Lines before the one containing "Art Deco dark" are left out; copy that line and every later line through the end of the data exactly.

COLLECTED MATERIAL:
··········

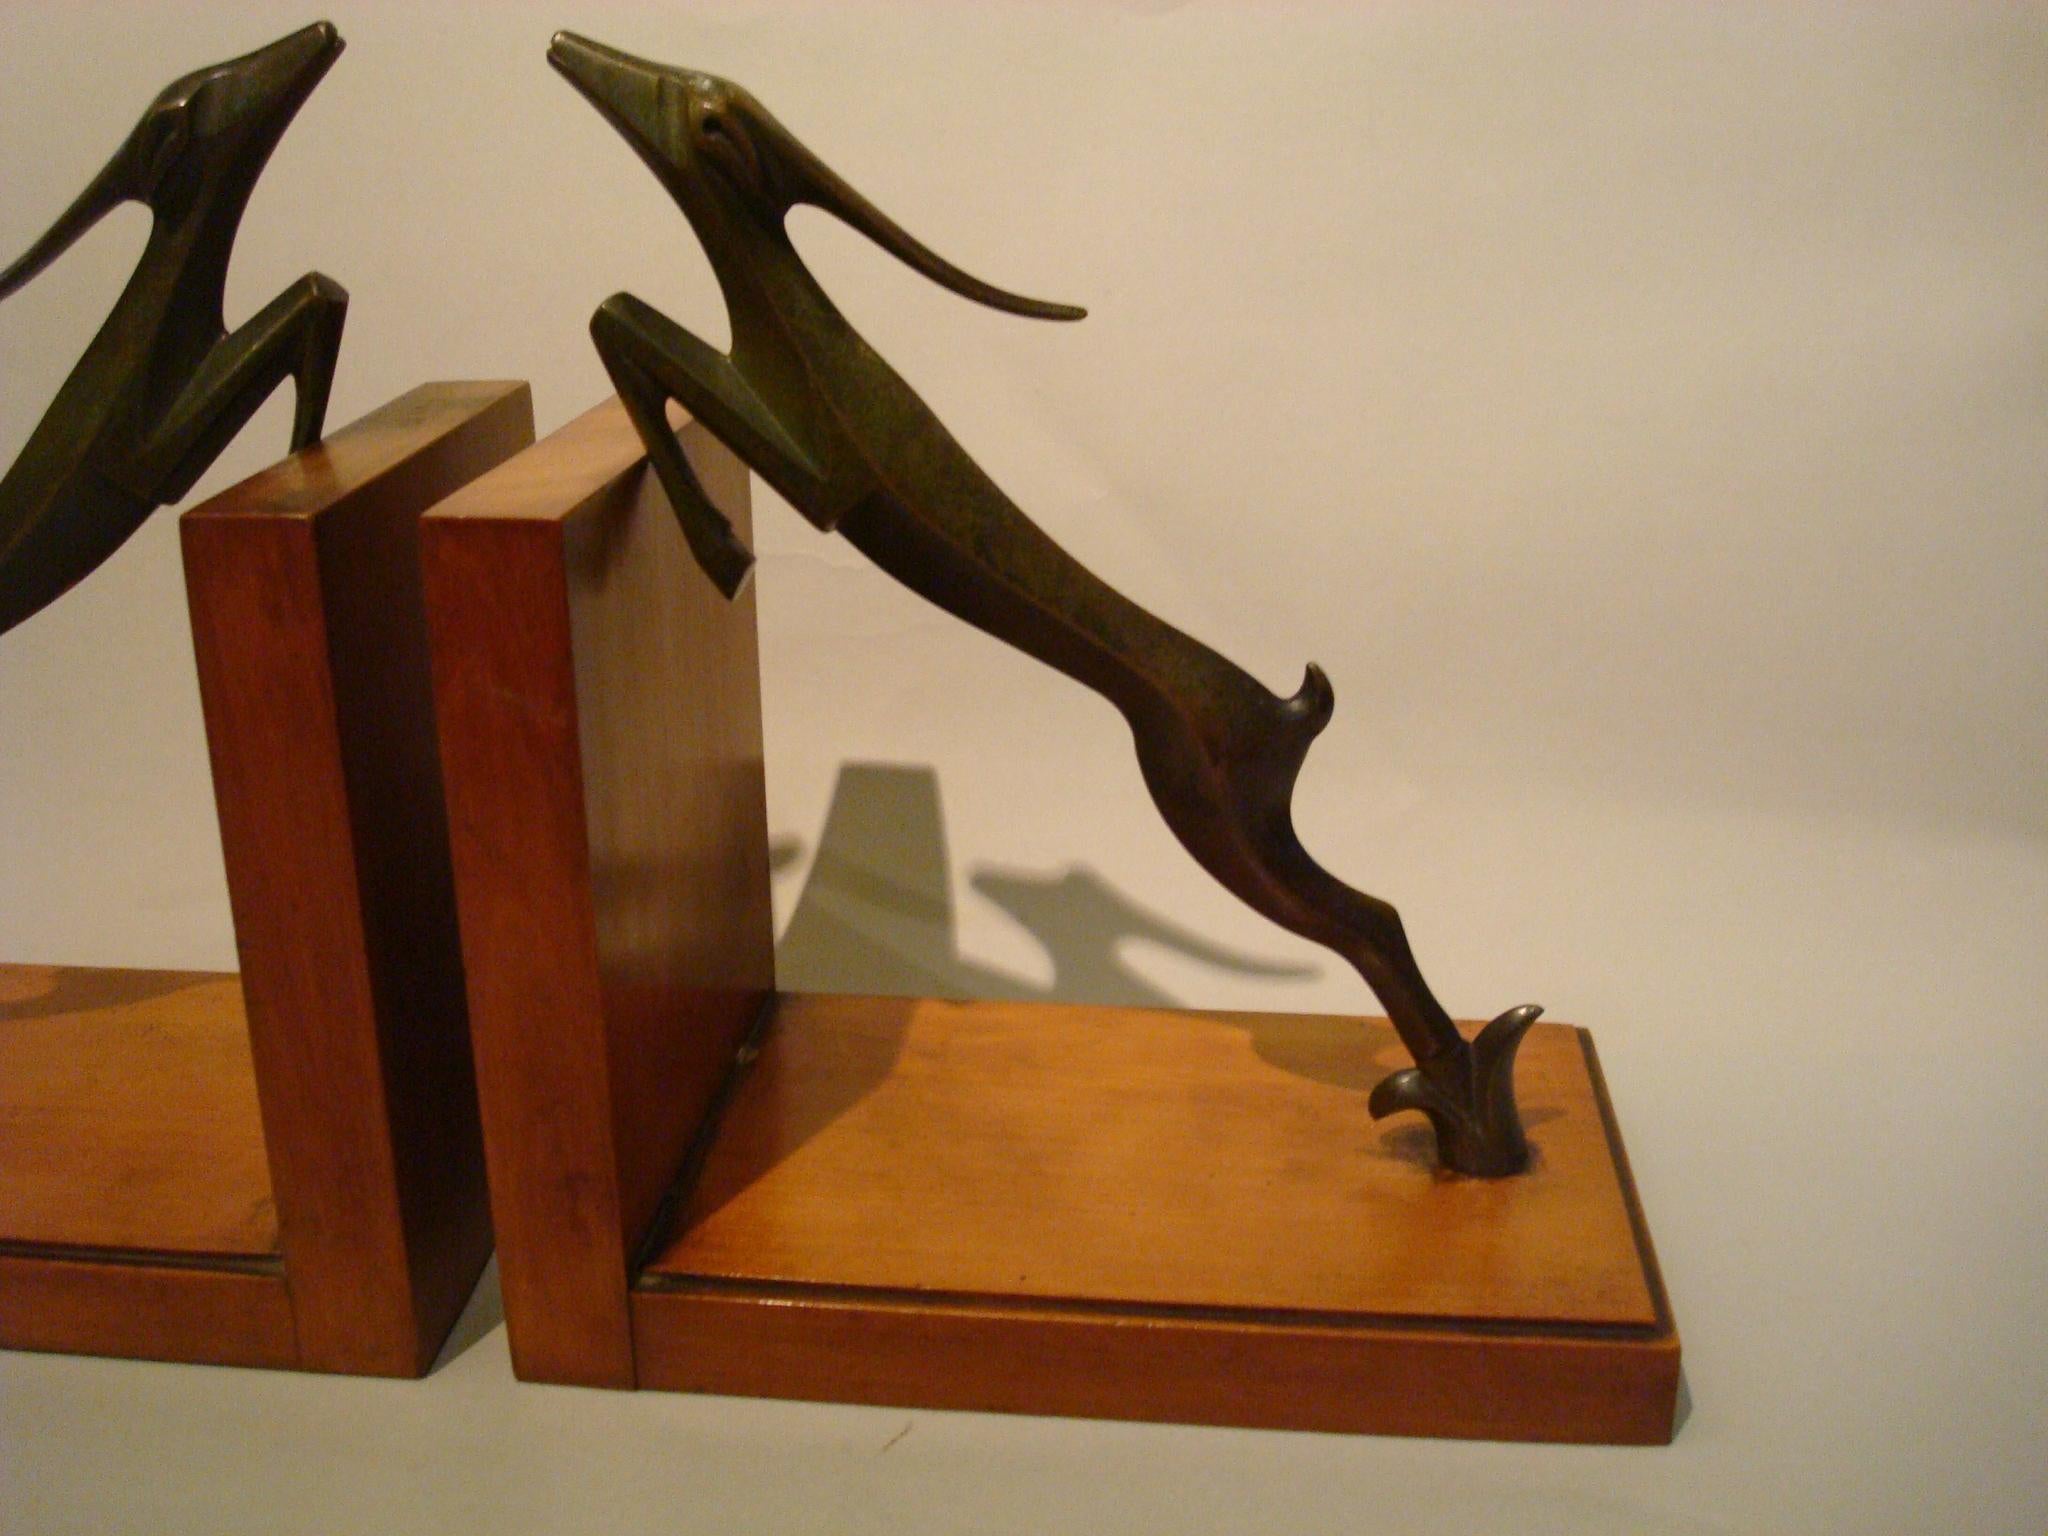 Art Deco bookends slim deer sculpture with wooden base.
They have the Hagenauer style.
Art Deco dark green patinated bronze leaping deer bookends
Unsigned.

··········

THE COMPLETED TASK:
Art Deco dark green patinated bronze leaping deer bookends
Unsigned.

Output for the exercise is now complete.